Ce n’est qu’avec l’invention et la vulgarisation de l’usage du papier que l’on commença à faire les calculs par écrit. Il avait fallu préalablement aussi remplacer les chiffres romains par ceux des Arabes. On distingua dès lors deux méthodes arithmétiques : calculer se faisait sur l’abaque – chiffrer par écrit.
Les tables de compte étaient utilisées dans tous les pays ; l’expression anglaise de « chancelier de l’échiquier » n’est autre que « chancelier de l’abacus. Chose curieuse, aucune table de compte n’a subsisté en Angleterre ; elles sont rarissimes. Nous en avons repéré une à Copenhague, une à Strasbourg, deux seulement en Allemagne, aucune en Italie. En Suisse par contre, une vingtaine de ces précieux et intéressants ancêtres de nos machines à calculer ont subsisté. Bâle en conserve trois exemplaires, Thoune autant, Genève, Sembrancher, Bremgarten et Zurich un exemplaire.
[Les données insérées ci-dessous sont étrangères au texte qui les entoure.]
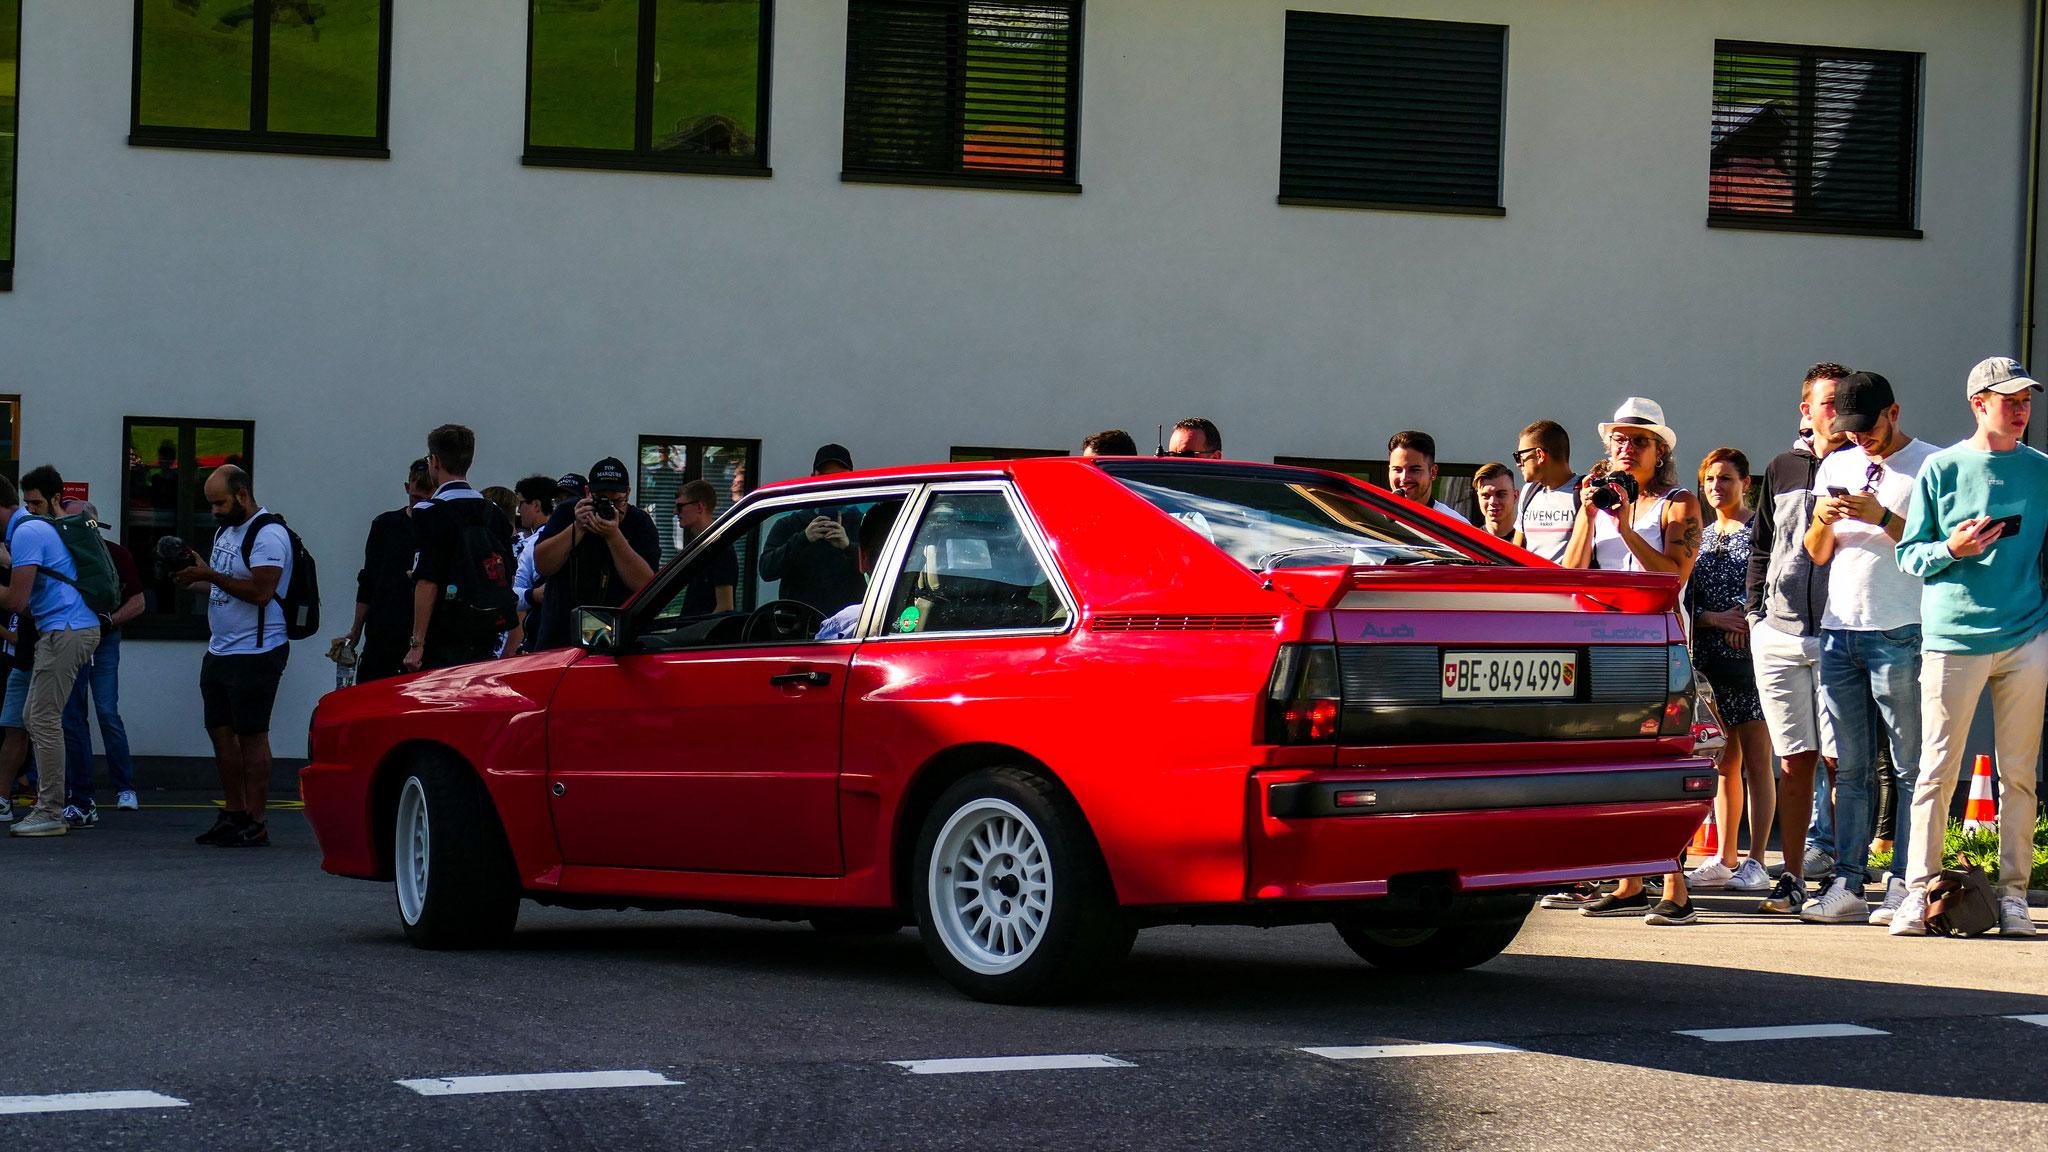 Audi Sport quattro - BE-849499 (CH)

Quant au canton de Vaud, il a le privilège d’en détenir trois au Musée de Château-d’Oex, une au Château de Chillon et une demi-douzaine chez des particuliers, toutes provenant du Pays-d’Enhaut.
Nous avons montré par ailleurs que les bouliers ne sont qu’une mécanisation de l’abaque ; aussi que la machine à calculer créée par Pascal, au milieu du XVIe siècle était dérivé directement de l’abaque qu’il avait eu l’occasion d’utiliser au service de son père, intendant de la Généralité de Rouen.
Ces tables sont une étape importante dans l’histoire des instruments de calcul. Longue étape qui s’étend de l’Antiquité au XVIIe. La machine à additionner de Pascal, qui lui succéda, ne fut remplacée et perfectionnée qu’au XXe siècle par les machines utilisant les circuits électroniques. Parallèlement aux moyens mécaniques, les mathématiciens inventèrent les logarithmes, puis les règles logarithmiques qui n’en sont que la mécanisation. Et voilà brièvement exposé ce que la découverte d’une table de compte dans un de nos musées nous évoque de l’histoire non seulement de notre pays, mais de celle de la civilisation.